Task brief: Set down the data below exactly; pictures stay out.

Supplied data START

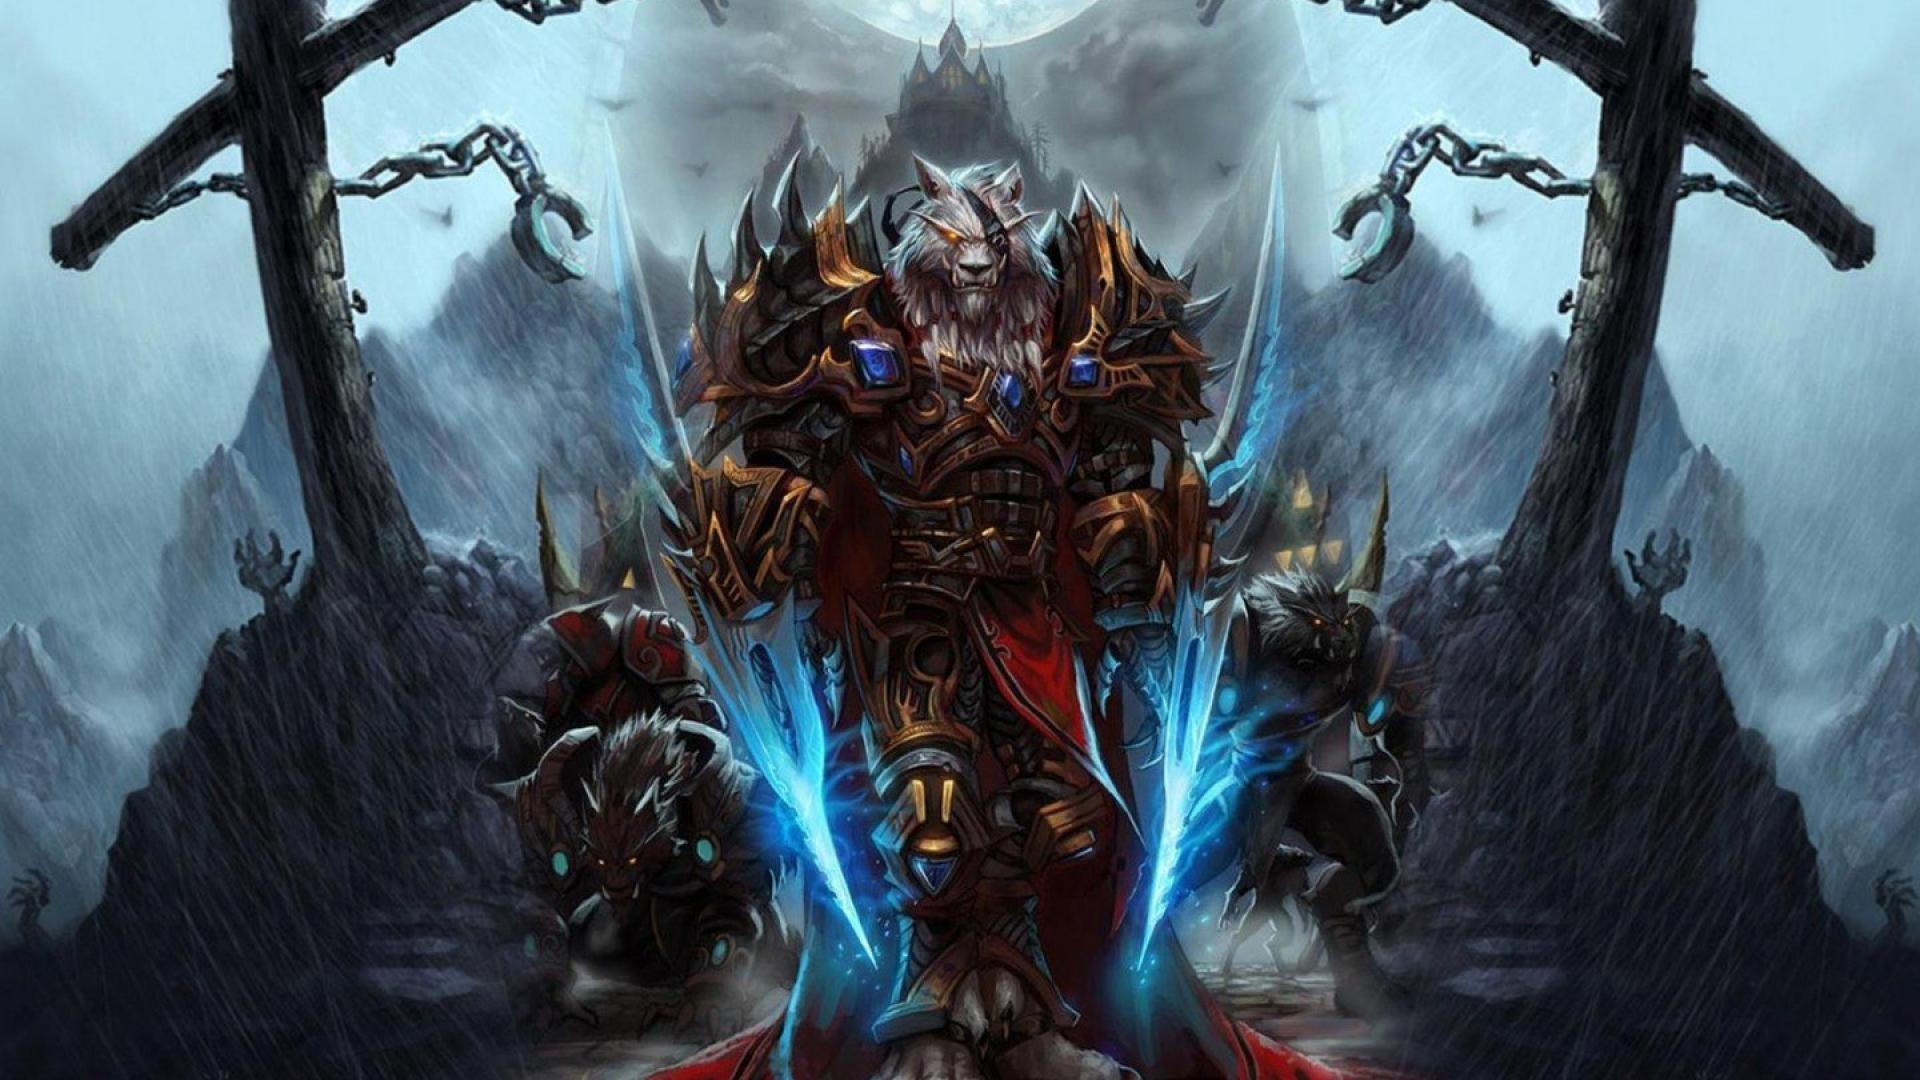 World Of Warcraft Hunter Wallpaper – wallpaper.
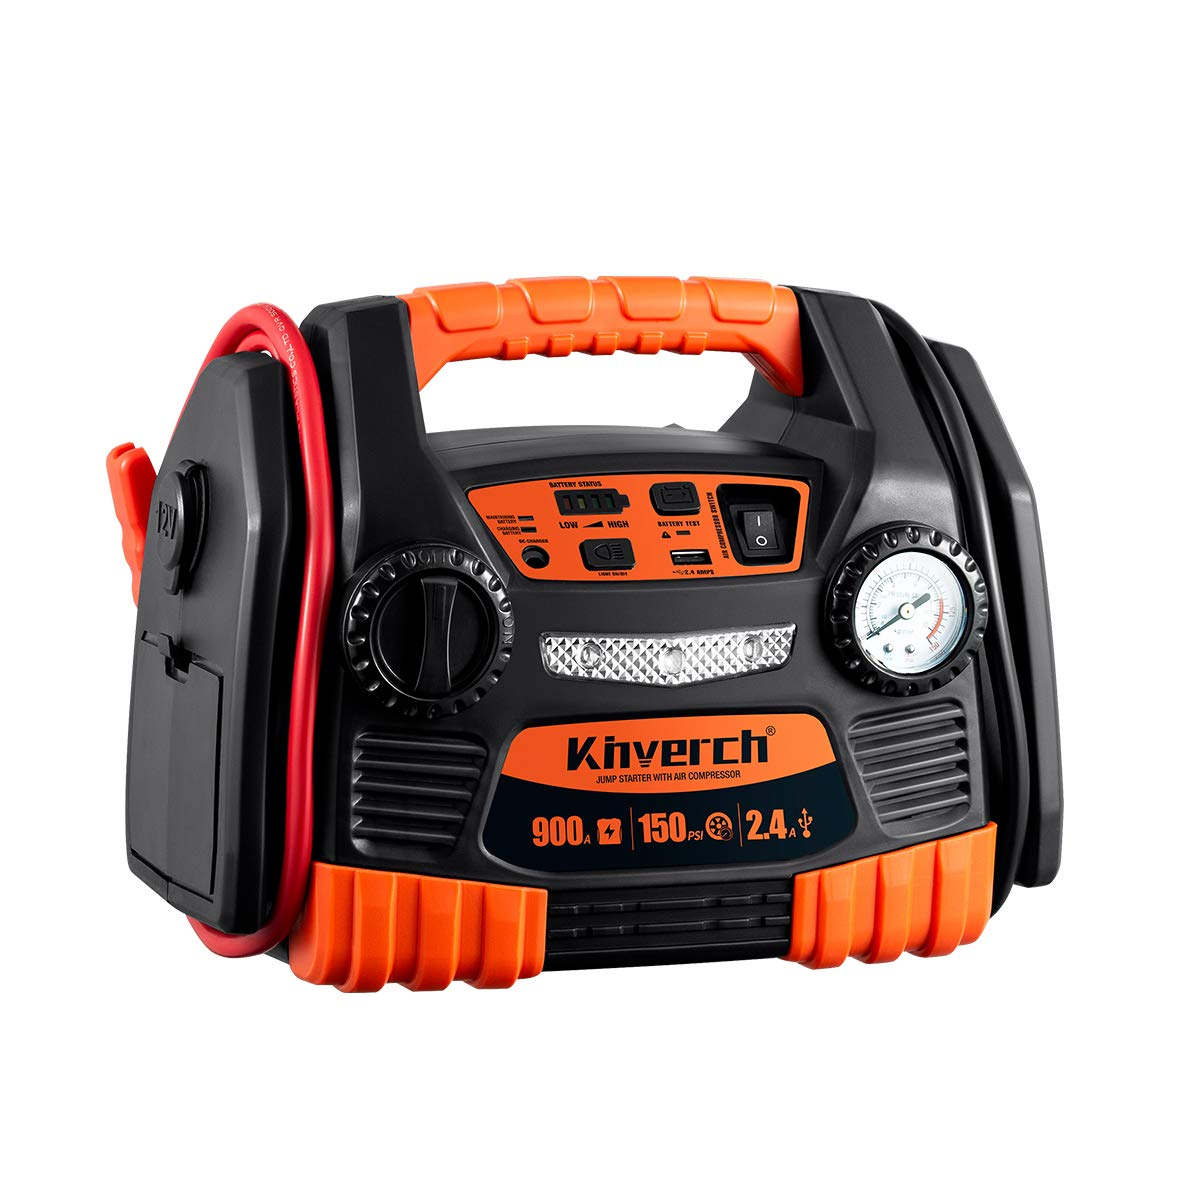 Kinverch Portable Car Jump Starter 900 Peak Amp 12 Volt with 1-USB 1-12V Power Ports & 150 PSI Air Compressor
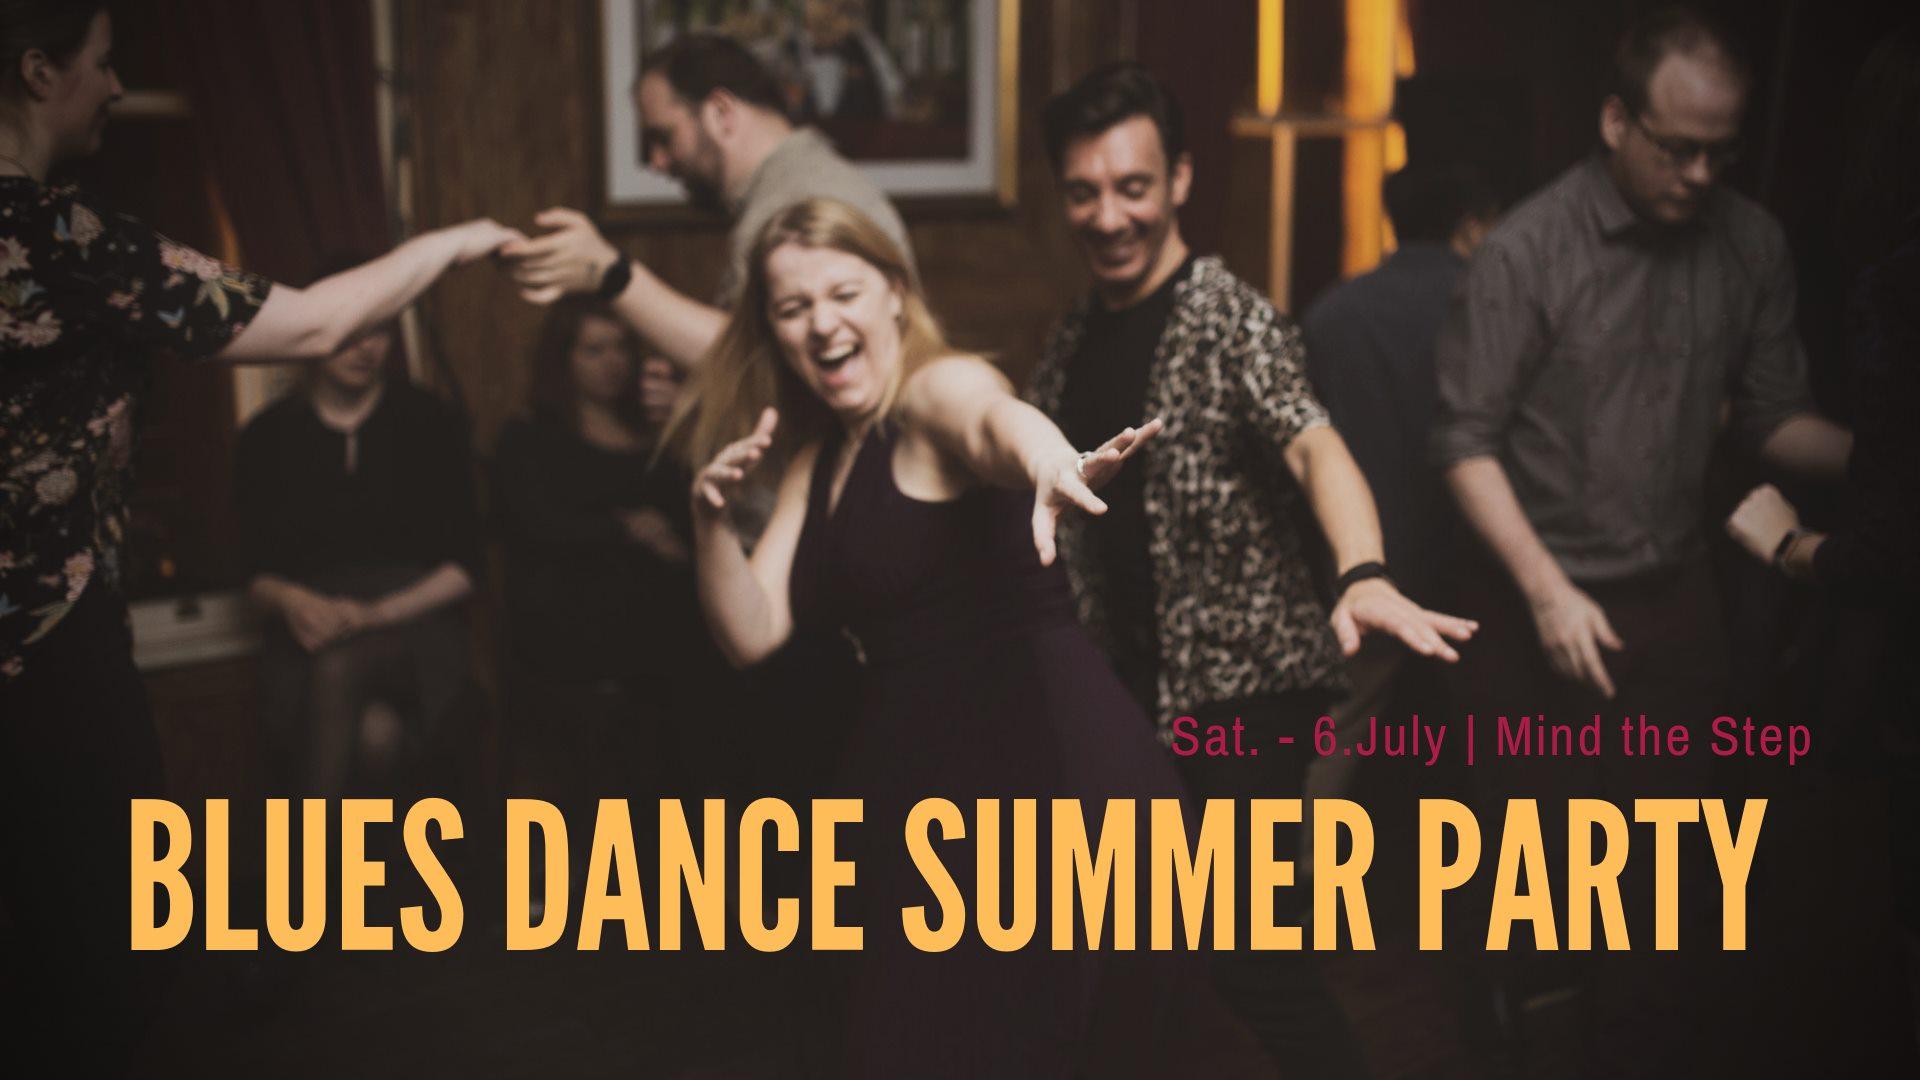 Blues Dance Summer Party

Supplied data END

Output below:
 World Of Warcraft Hunter Wallpaper – wallpaper.
 Kinverch Portable Car Jump Starter 900 Peak Amp 12 Volt with 1-USB 1-12V Power Ports & 150 PSI Air Compressor
 Blues Dance Summer Party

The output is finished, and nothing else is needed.